API Integration Types

When integrating with Large Language Models (LLMs), you have two primary approaches: the Completion API and the Chat API. While both facilitate interactions with LLMs, they are designed for different types of tasks and use cases.


Completion API

The Completion API is ideal for single-turn interactions, where you send one prompt and receive one response. It offers precise control over the input structure and is best suited for isolated tasks.

Key Features:

  • Simplicity: Each interaction is self-contained, with no built-in conversation structure.
  • Flexibility: You can design prompts exactly as needed for your application.
  • Token Efficiency: Typically uses fewer tokens, making it more efficient for short, standalone tasks.
  • Use Cases: Generating content, performing text summarization, or answering one-off queries.

Enhancing Completion API with Templates

Developers often employ templating techniques to improve prompt clarity and consistency. Two common methods include:

  • ChatML-Style Format:

    system
    You are a helpful coding tutor who explains concepts clearly.
    
    user
    What is a for loop?
    
    assistant
    A for loop is a control flow statement that repeats a block of code a specified number of times...
    
    user
    Can you give me an example?
    
    assistant  

    This approach leverages a markdown-like structure to separate different parts of the prompt.

  • Custom Delimiters:

    ### System ###
    You are a helpful coding tutor who explains concepts clearly.
    
    ### User ###
    What is a for loop?
    
    ### Assistant ###
    A for loop is a control structure used to iterate over a sequence...
    
    ### User ###
    Can you give me an example?
    
    ### Assistant ###

    Custom delimiters enable you to define clear sections within your prompt.

Did you Notice?

Leaving the ‘assistant’ section for the AI to being completion open is one way to ensure it will begin immediately completing following the pattern that preceded it, rather than breaking the expected format or sequence.


Chat API

The Chat API is specifically built for multi-turn, interactive conversations. It organizes messages into discrete units, each assigned a role, to maintain a coherent dialogue during a session.

Key Features:

  • Structured Dialogue: Uses well-defined message roles—system, user, and assistant—to organize interactions.
  • Multi-Turn Interactions: Designed to handle a series of conversational exchanges, providing a natural conversational flow.
  • Enhanced Clarity: Each message is explicitly tagged, which aids in maintaining context within a session.
  • Use Cases: Ideal for chatbots, interactive assistants, and applications requiring a back-and-forth dialogue.

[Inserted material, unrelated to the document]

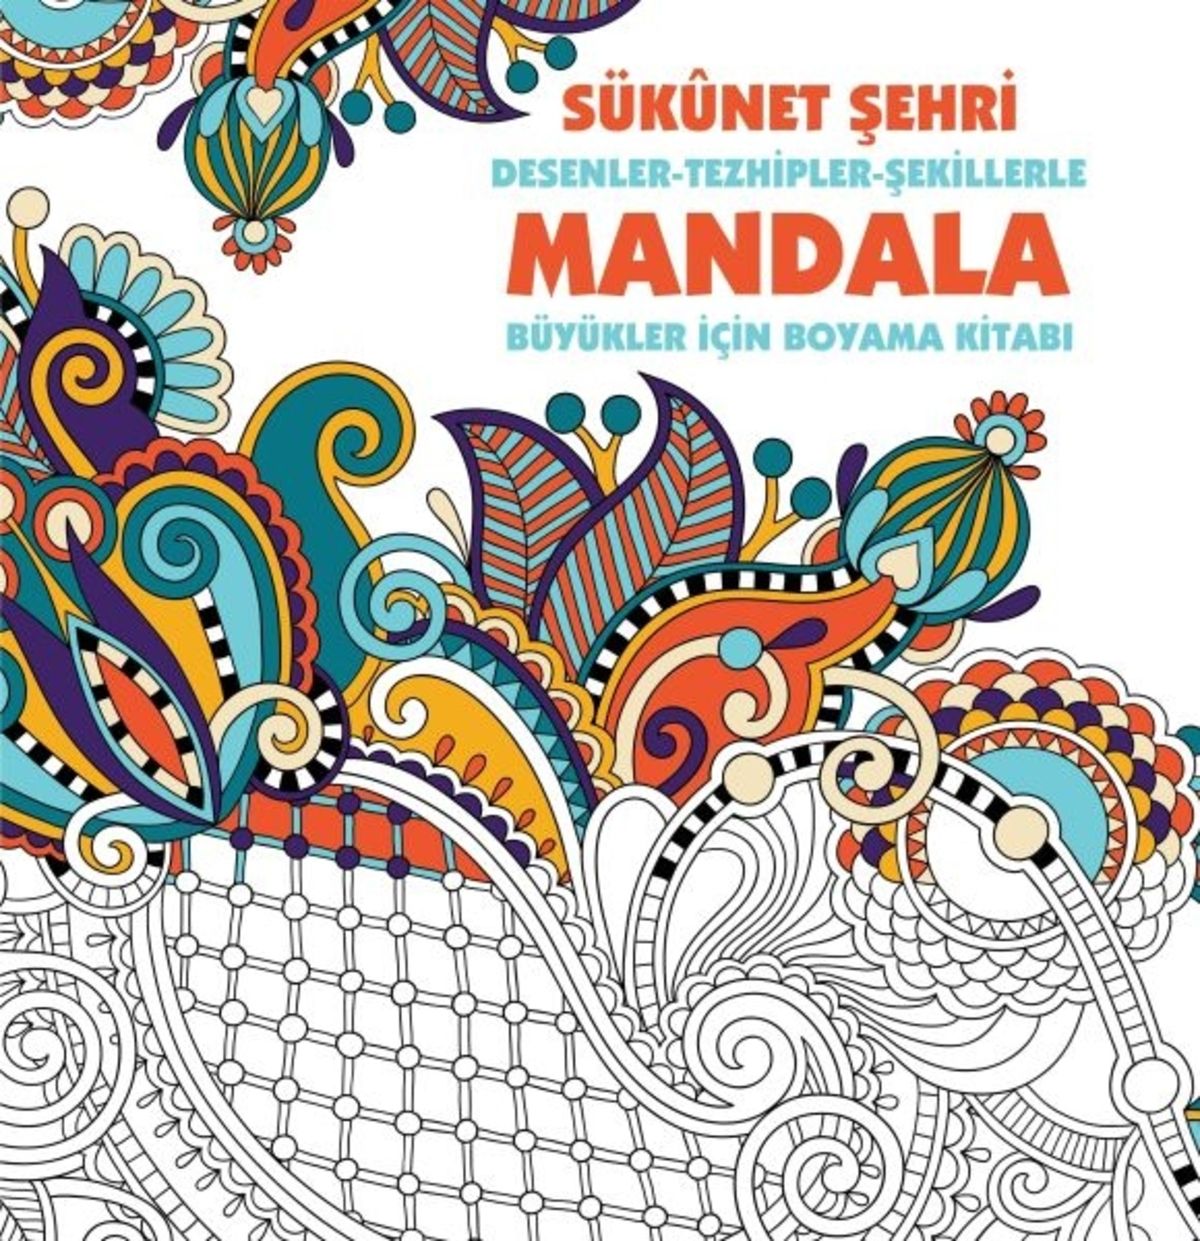 Genel Markalar Sükunet Şehri - Mandala (BÜYÜKLER IÇİN BOYAMA)

Chat API Conversation Example

Below is a sample conversation using the Chat API format:

{
  "role": "system",
  "message": "You are a helpful coding tutor who explains concepts clearly."
},
{
  "role": "user",
  "message": "What is a for loop?"
},
{
  "role": "assistant",
  "message": "A for loop is a control structure that allows you to execute a block of code repeatedly."
},
{
  "role": "user",
  "message": "Can you show me an example?"
}

This format clearly delineates each message, which helps in maintaining a structured conversation throughout the session.


Choosing the Right API

These are general guidelines, rather than hard rules. Depending on the model and how particular the requirements are, there may be exceptions to this. But largely, you can make the choice based on these criteria:

When to Use the Completion API:

  • For simple, one-off tasks.
  • When detailed conversation history is not required.
  • When you need fine-grained control over the prompt structure.
  • For tasks that demand token efficiency.

When to Use the Chat API:

  • For applications requiring multi-turn conversations.
  • When a structured dialogue is essential.
  • For interactive systems, such as chatbots or virtual assistants.
  • When clarity in the conversation flow is needed.

So… Which One is Better?

Both the Completion API and the Chat API serve distinct purposes in LLM integration. The Completion API offers simplicity and efficient token usage for standalone tasks, while the Chat API provides a structured format suited for interactive, multi-turn conversations. By selecting the appropriate API type based on your application’s requirements, you can enhance both the functionality and user experience of your LLM-driven projects.


Response Handling

The way you receive and process responses from an LLM can significantly impact your application’s user experience and performance. There are two main approaches:

  1. Synchronous (Non-Streaming)

    • Wait for complete response before processing
    • Best for batch processing and applications where immediate feedback isn’t critical
    • Advantages:
      • Simpler to implement
      • Easier to validate and process complete responses
      • Better for systems that need to analyze full responses before proceeding
    • Disadvantages:
      • Can lead to longer perceived latency
      • No intermediate feedback to users
  2. Streaming

    • Real-time token delivery
    • Ideal for interactive applications and chat interfaces
    • Advantages:
      • Better user experience with immediate feedback
      • Allows for progressive rendering of responses
      • Can implement typing indicators or similar UI elements
    • Disadvantages:
      • More complex to implement
      • Requires handling partial responses
      • May need additional error handling for interrupted streams

The choice between synchronous and streaming responses often depends on your application’s needs and how you plan to integrate external knowledge, which leads us to our next topic: knowledge integration strategies.


Knowledge Integration

When working with LLMs, you’ll need to decide how to provide the model with the information it needs to generate accurate and relevant responses. There are three main approaches:

  1. Base Model Only

    • Uses model’s pre-trained knowledge exclusively
    • Limited to training cutoff date
    • Best for general tasks and reasoning
    • Advantages:
      • Simplest to implement
      • Lowest latency
      • No additional infrastructure needed
    • Disadvantages:
      • Knowledge may be outdated
      • Can’t access proprietary or specific information
  2. In-prompt Static Data

    • Using the context window of the LLM to include necessary information
    • Suitable for small amounts of specific data
    • Advantages:
      • Simple to implement
      • Direct control over information provided
      • Good for specific, contained use cases
    • Disadvantages:
      • Limited by context window size
      • Can be expensive in terms of tokens
      • Not scalable for large amounts of data
  3. Retrieval-Augmented Generation (RAG)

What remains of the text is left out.